4.2.4 Case Study and Error Analysis

We present a case study and error analysis based on the examples reported in Figure 3.555Better with colors The Abstract (ABS) mentions the the analysis of 5 studies on the effects of the continuous (CAS) or intermittent (IAS) androgen suppression therapy on advanced prostate cancer. The UL-BART model generated a slightly longer simplified text than NapSS. Specifically, sentence 4 from the UL-BART output mixed and linked the biochemical progression assessment with the IAS and CAS side-effect for potency. In contrast, sentence 3 generated by NapSS is more relevant to the findings of all studies considered.

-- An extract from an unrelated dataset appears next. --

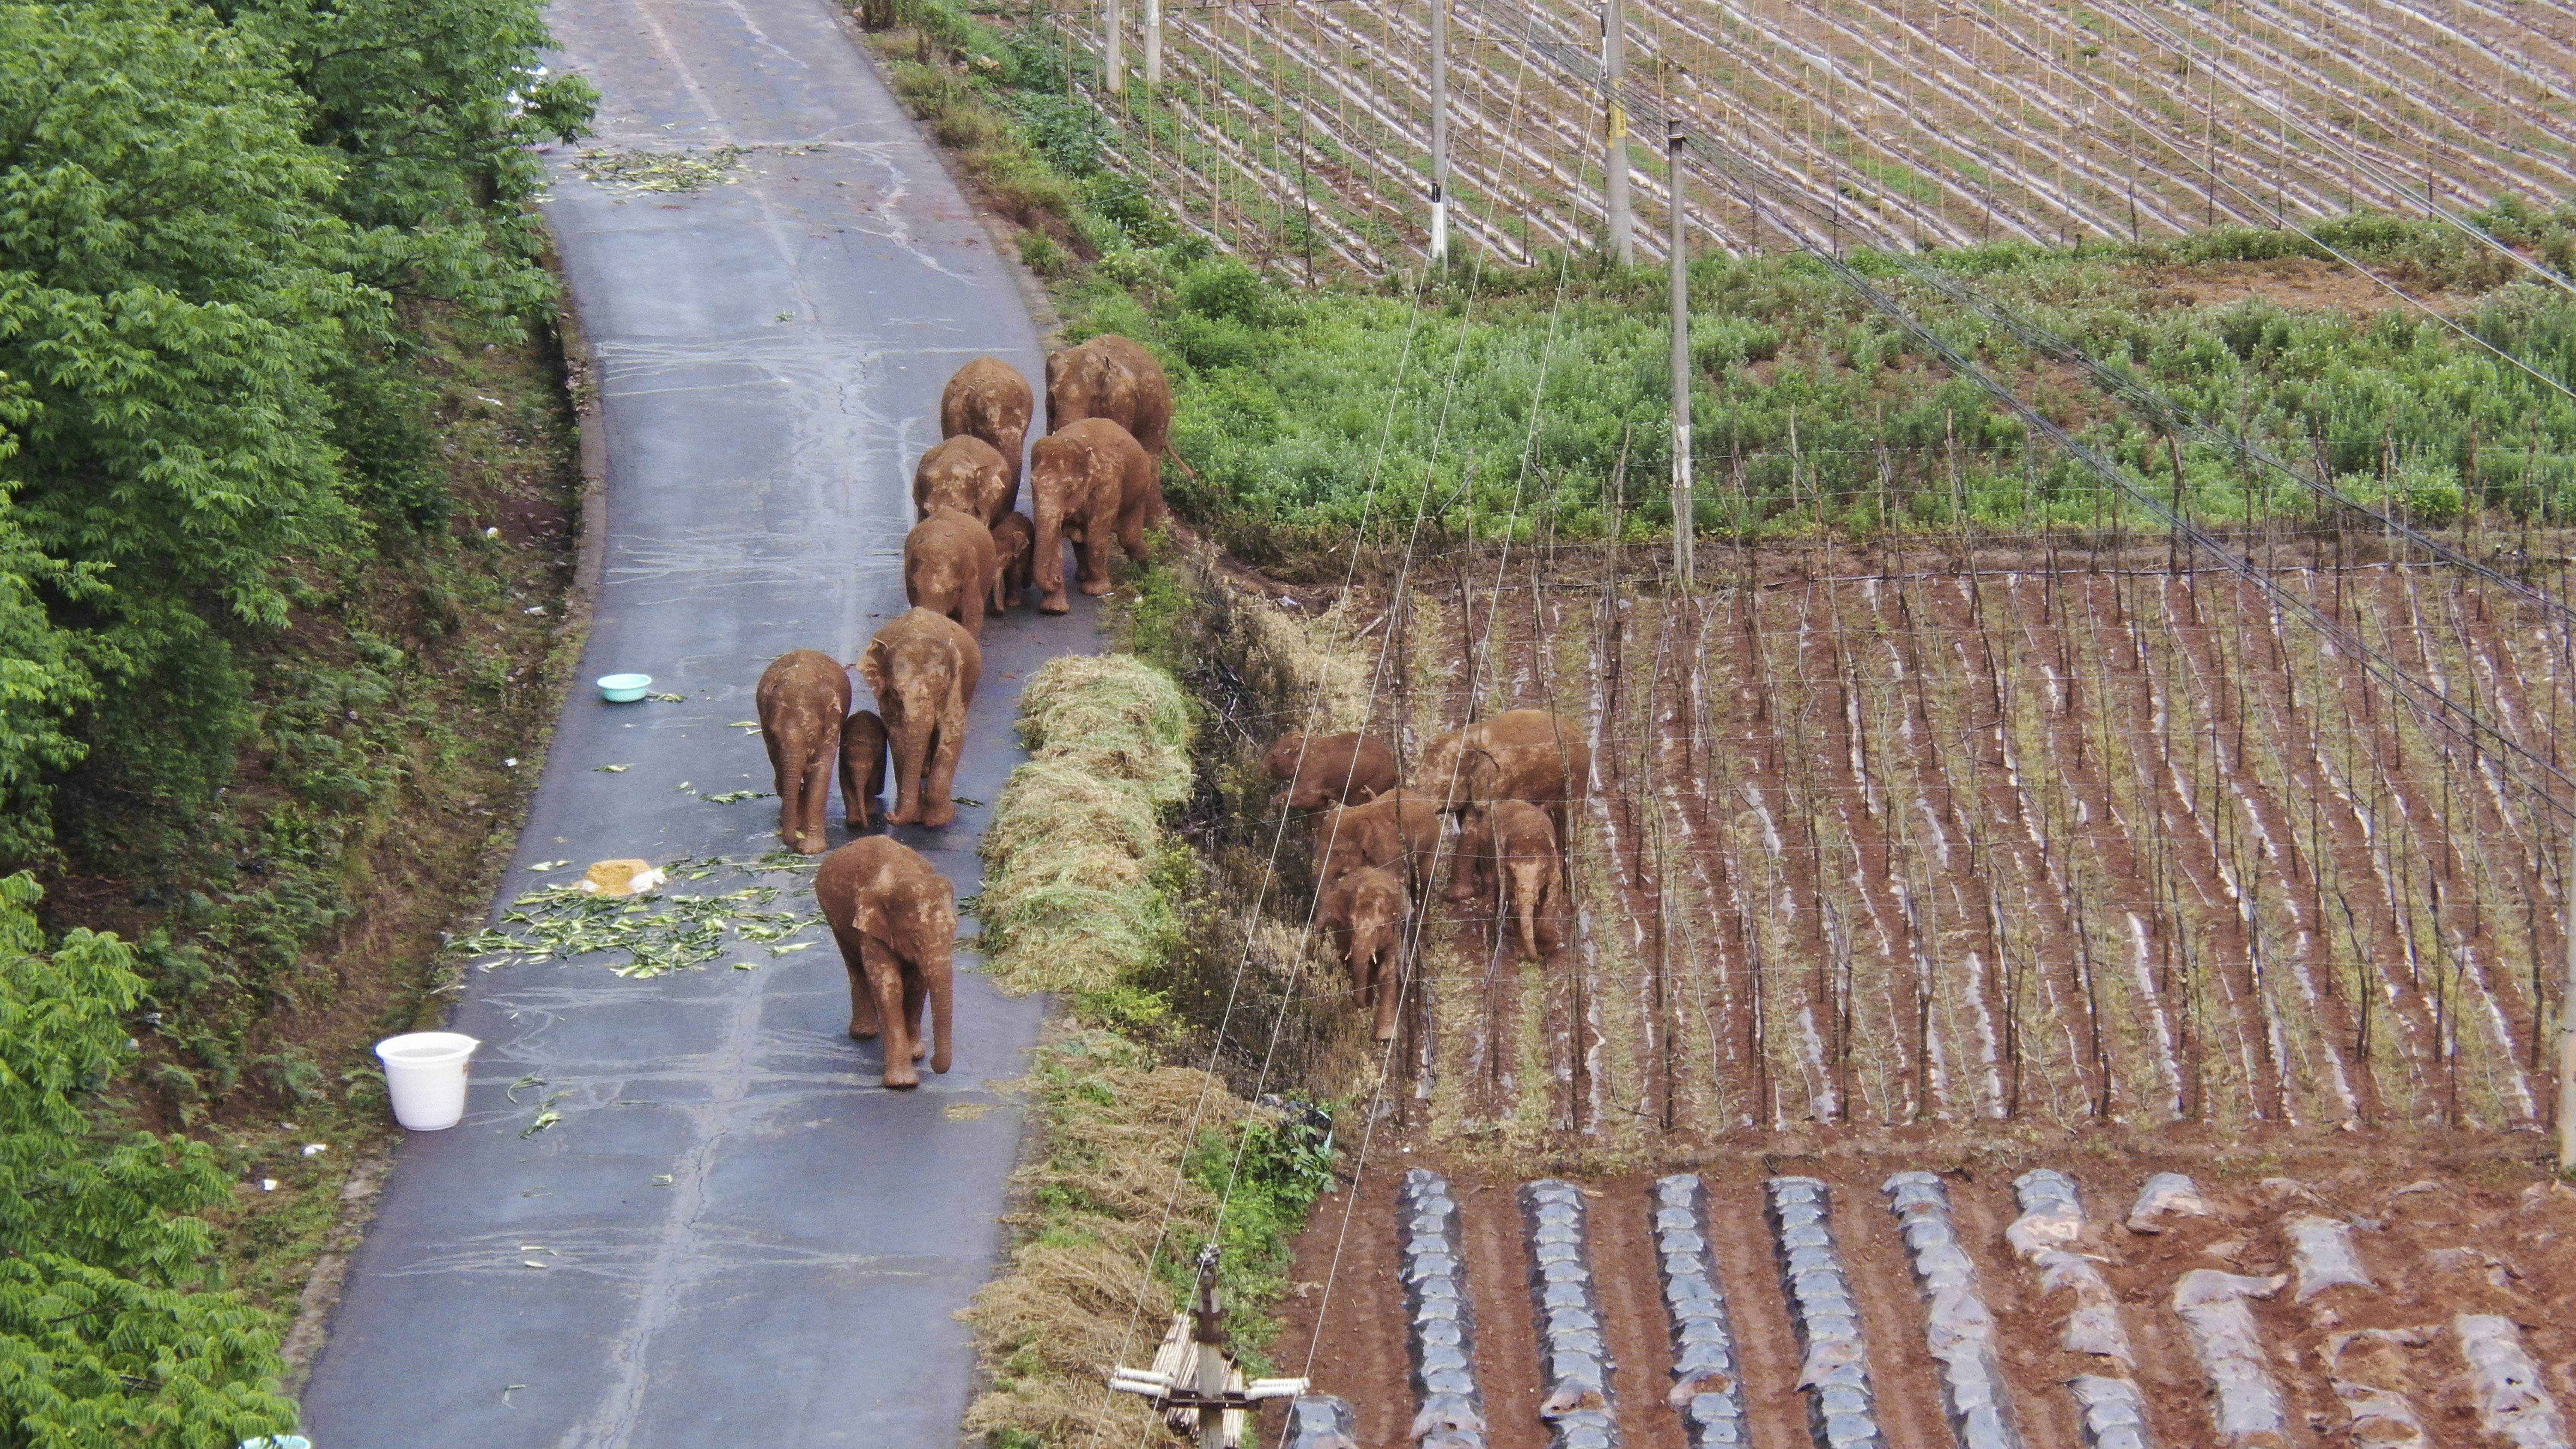 A migrating herd of elephants roam through farmlands of Shuanghe Township, Jinning District of Kunming city in south-western China's Yunnan Province

On the other hand, the last sentence 5 from the UL output reported a meaningful finding in consistence with reference sentence 7 from the PLS and reference sentence 7 from the ABS. NapSS instead omitted this information, probably because the related PLS sentences were not considered sufficiently relevant by the model.

5 Conclusions

We proposed a summarize-then-simplify two-stage model—NapSS—for paragraph-level medical text simplification. The first component is a “simplification-oriented” summarizer, which we trained over a heuristically derived set of “psuedo” references derived via sentence matching. At inference time, the summarizer extracts the most relevant content to be simplified. This is combined with an additional “narrative prompt” intended to promote consistency, and then passed to an encoder-decoder model to produce the simplified text. Experiments on a paragraph-level medical text simplification showed that, under several automatic metrics and human evaluation (involving “laypeople” and medical specialists), this method realized significant improvements with respect to both simplification quality and consistency.

Limitations

Our study is primarly based on the Cochrane paragraph-level medical text simplification dataset Devaraj et al. (2021a). While this dataset provides richer and more elaborated text than previous sentence-level medical datasets, such as TICO-19 Shardlow and Alva-Manchego (2022), it is worth noting that experimental documents tend to share a common pattern whose structure consists of: (i) discussing statistics about the clinical trials considered, (ii) list the experimental assessments, (iii) summarize the conclusions of the related findings.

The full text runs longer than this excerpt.